Abbott: I might as well start with the one that will likely bring the most objections, so here goes... I wish he’d stayed with his plan to retire. It’s not that I love his skating any less than I ever have. It’s more about going out a) on his own terms (read: without a career-ending injury, a la Lysacek) and b) on a high note. While I can appreciate his re-thinking his exit strategy after pulling down a 5th place at Worlds, as well as helping secure a 3rd spot for the U.S. men for the first time in several years... I think he may be asking too much of himself with this post-script. I could be dead wrong, and I’ve a fork in hand, ready to eat as much crow as necessary. But there was a feeling I had when Abbott’s close pal Alissa Czisny continued competing beyond her strongest season (2010-11), and... to state it simply... that feeling is back.

Mroz: Consider this my APB on the former U.S. Silver Medalist whose name is not to be found among any “Team Envelope” and has not posted to Twitter since early January. Is he continuing? Has he moved on? I don’t take the time to read the message boards much anymore, so someone feel free to clue me in if he’s already been discussed to bits. My thought: with his name already in the record books (first—and only, so far—quad lutz landed in an ISU-sanctioned event, October 2011), Mroz may well have something to offer as a jump specialist. Or maybe it’s time to pursue his dreams of being a dentist. But he’s one of those athletes that seems to have lost his joy of competing several years ago. I might actually be sad if I see his name in the Nats lineup this time.

Messing: The Alaskan with the crazy jumping ability and the unfortunate inability (thus far) to bring his best to Nationals... has decided to cross the border. According to his website, he plans to compete for Canada this season. Assuming he qualifies for their Nationals (??), it’ll be interesting to see how he stacks up against the likes of quad royalty (Kevin Reynolds) and young firecrackers (Nam Nguyen).

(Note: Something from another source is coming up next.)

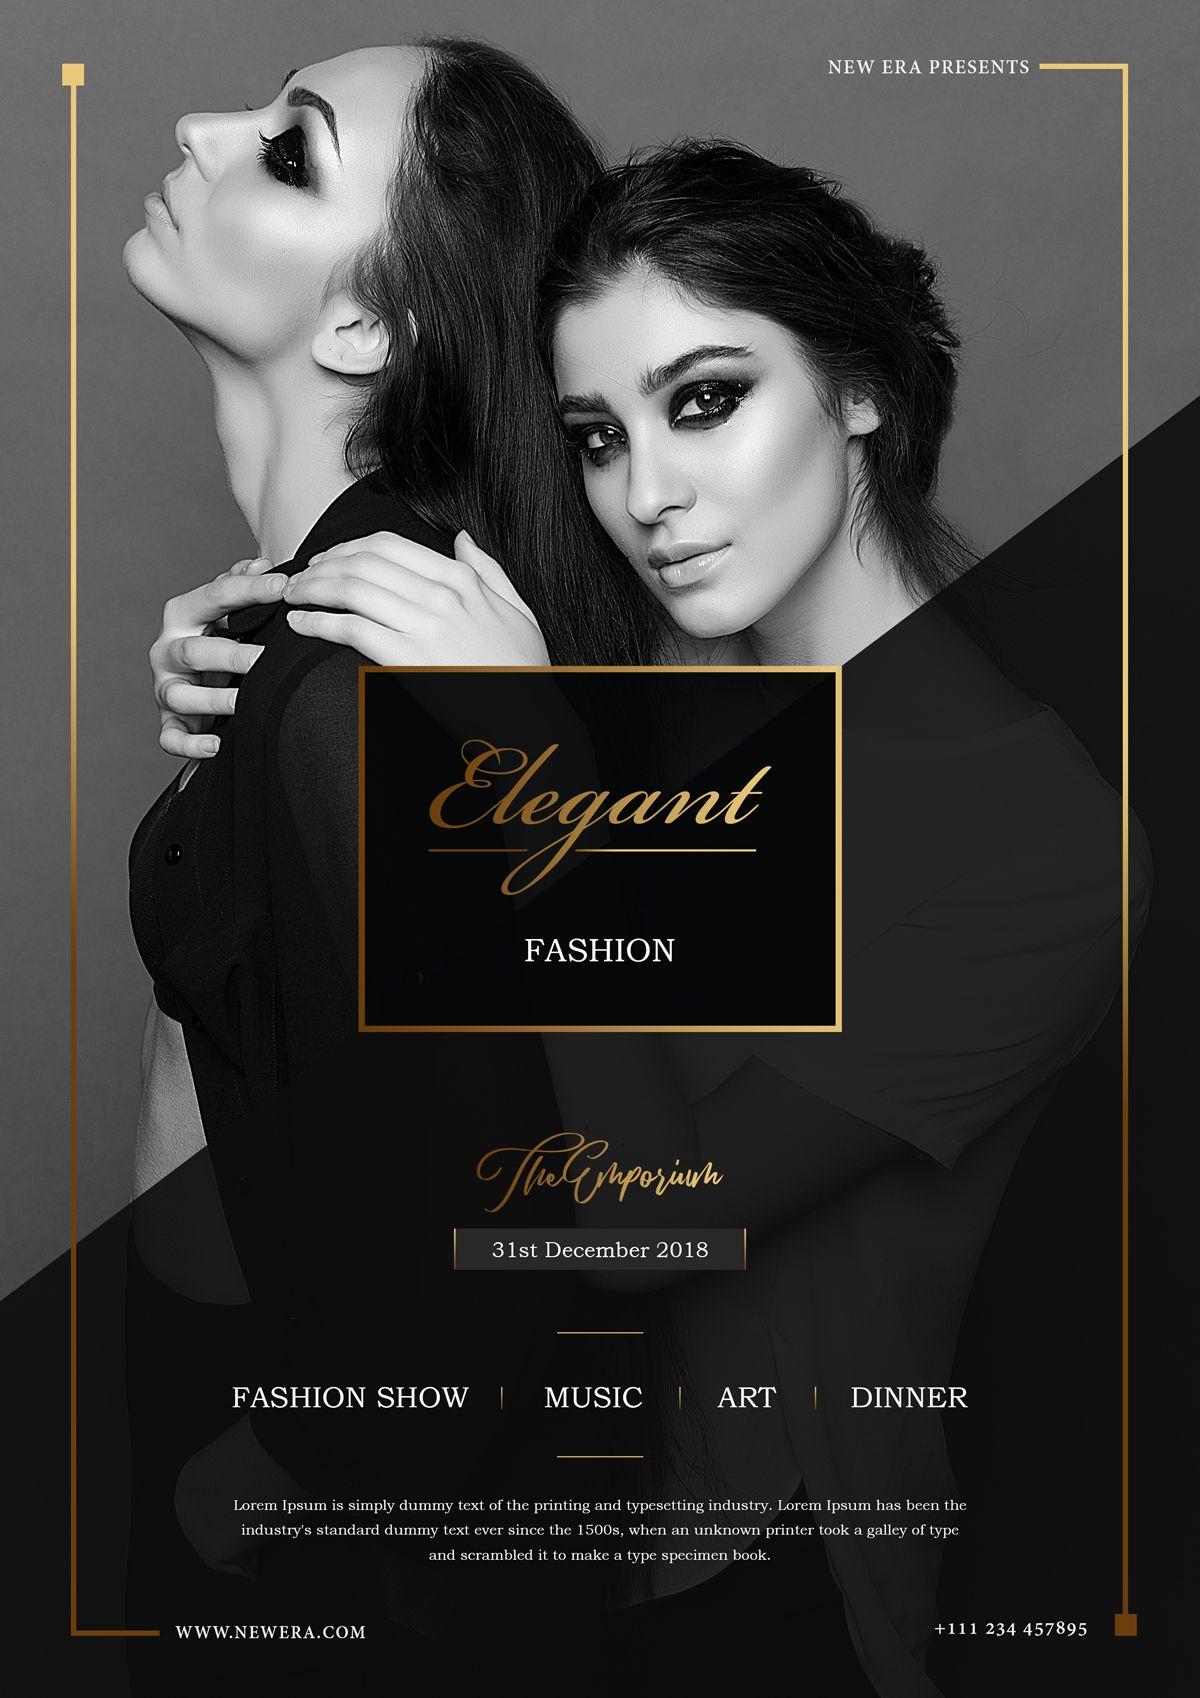 Fashion Show Flyer Fashion Poster Design Fashion Show Poster Fashion Poster

Speaking of the Top Canadian Men (again, by AGE)... 

Jeremy Ten (25, 1 GP assignment)—finished 6th
Kevin Reynolds (24, 2 GP assignments)—finished 2nd
Elladj Balde (23, 1 GP assignment)—finished 4th
Patrick Chan (age 23, at least part of season off)—finished 1st
Liam Firus (22, 1 GP assignment)—finished 3rd 
Andrei Rogozine (21)—finished 7th
Nam Nguyen (16, 2 GP assignments)—finished 5th
Roman Sandovsky (15, in Junior GP)—finished 8th

Welcome to the group of guys Keegan Messing will face if January if he competes at Nationals... the oldest of which seemed to spontaneously announce his own post-Nationals retirement on Twitter earlier this year. But Jeremy Ten, like another “Jeremy” we’ve discussed, appears to have had a change of heart. No one else, save for Chan, has announced any sort of break. I highlighted Chan’s name, though, to point out he’s still relatively young in this field—one more reason why, as I said last time, I hope he sticks around at least a few more years.

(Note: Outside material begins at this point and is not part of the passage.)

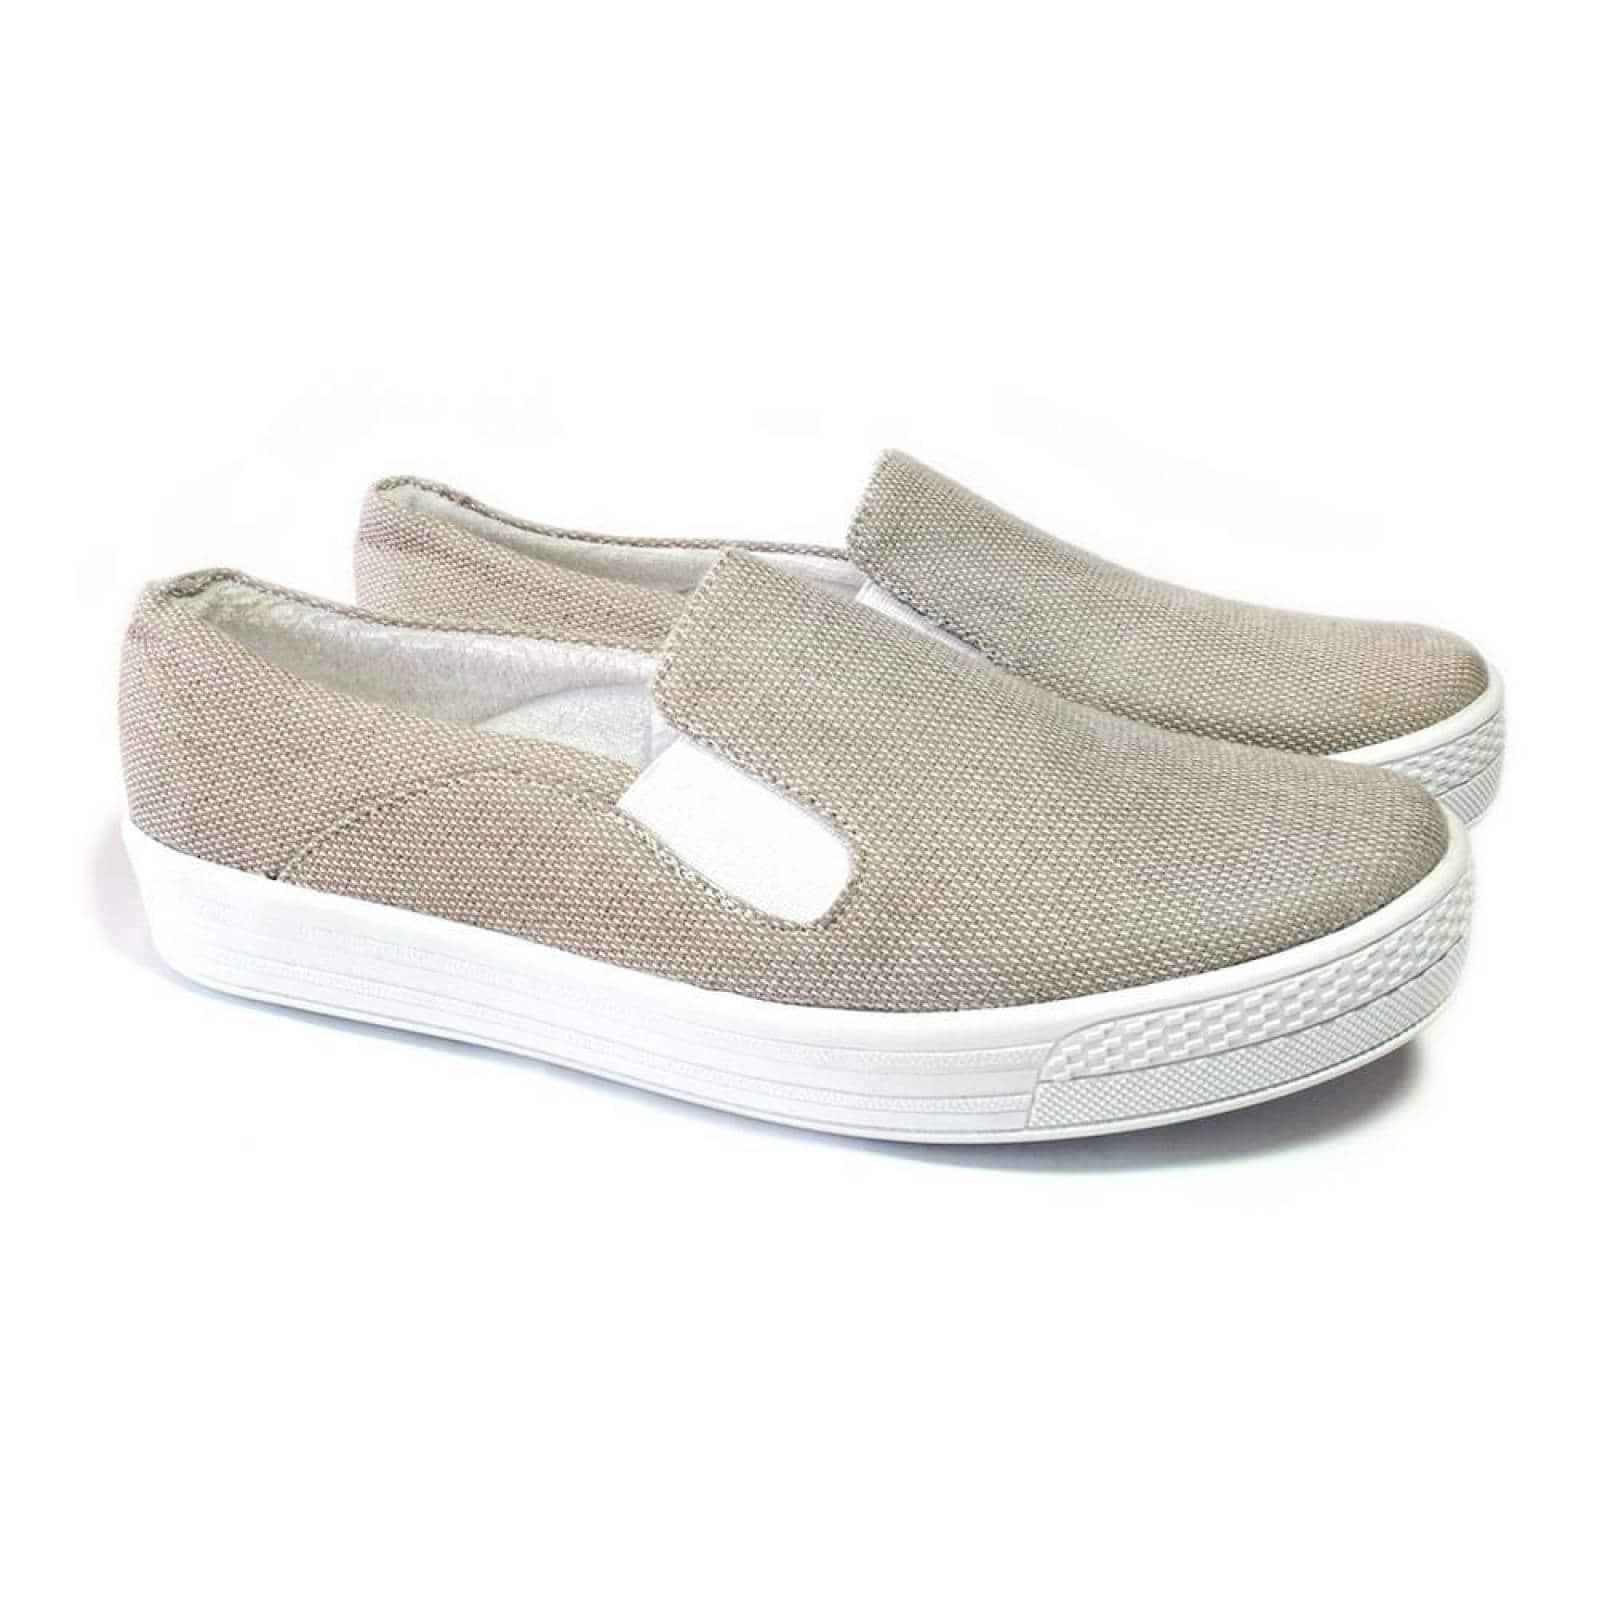 Tenis Zapato Slip On Artesanal Tela Mujer Lola Beige Komoni Talla: 24

Top 12 ladies at US Nationals by AGE
Ashley Wagner (23, 2 GP assignments)—finished 4th
Mirai Nagasu (21, 2 GP assignments)—finished 3rd
Samantha Cesario (21, 2 GP assignments)—finished 5th
Christina Gao (20, two GP assignments)—finished 8th
Agnes Zawadzki (20, taking year off)—finished 11th
Ashley Cain (19, 2 GP assignments)—finished 12th
Gracie Gold (19, 2 GP assignments)—finished 1st
Courtney Hicks (19 this winter, 2 GP assignments)—finished 6th
Barbie Long (18 this month)—finished 7th
Hannah Miller (18 in Fall, no GPs but has new music for this season)—finished 9th
Leah Kaiser (17 in a few weeks, Junior GP assignments)—finished 10th
Polina Edmunds (16, 2 GP assignments)—finished 2nd

With the U.S. leading ladies still relatively young—you know that’s gotta be true when 21 year-old Nagasu is now among the “elders”—there aren’t as many here that I look at and say “WHY are they continuing??” With the only thing close to a retirement announced by way of 14th place finisher Kiri Baga (who will now focus on continuing her education), 2010 Olympian-turned-Stanford-Student Rachael Flatt, and two-time Champ Alissa Czisny (who did not compete last January, and formally announced her retirement plans this past spring)... my focus falls to Wagner and Zawadski. Wagner may feel she has something yet to prove (at Nationals, anyway), and after what happened this past January, who can blame her? Whether or not she competes through another 4-year Olympic cycle is another story, but for now, I support her decision to continue. Zawadzki, on the other hand, is at enough of a crossroads to Be On A Break— something that’s become fairly commonplace among the world’s elite skaters, whether they’ve achieved the sport’s greatest heights or not. If you’ve read anything about the unique sacrifices Zawadzki’s family has made in order for her to compete at this level (and I say that with an emphasis on unique; stories of familial sacrifice with top skaters are everywhere), then you might be able to appreciate her decision all the more. As for whether or not she should return... given the wild ride she’s had with placements the past few years (some blame her skating, some blame judges propping her up/giving up on her), it’s a tough call. I’d love to hear what you think if you have an opinion!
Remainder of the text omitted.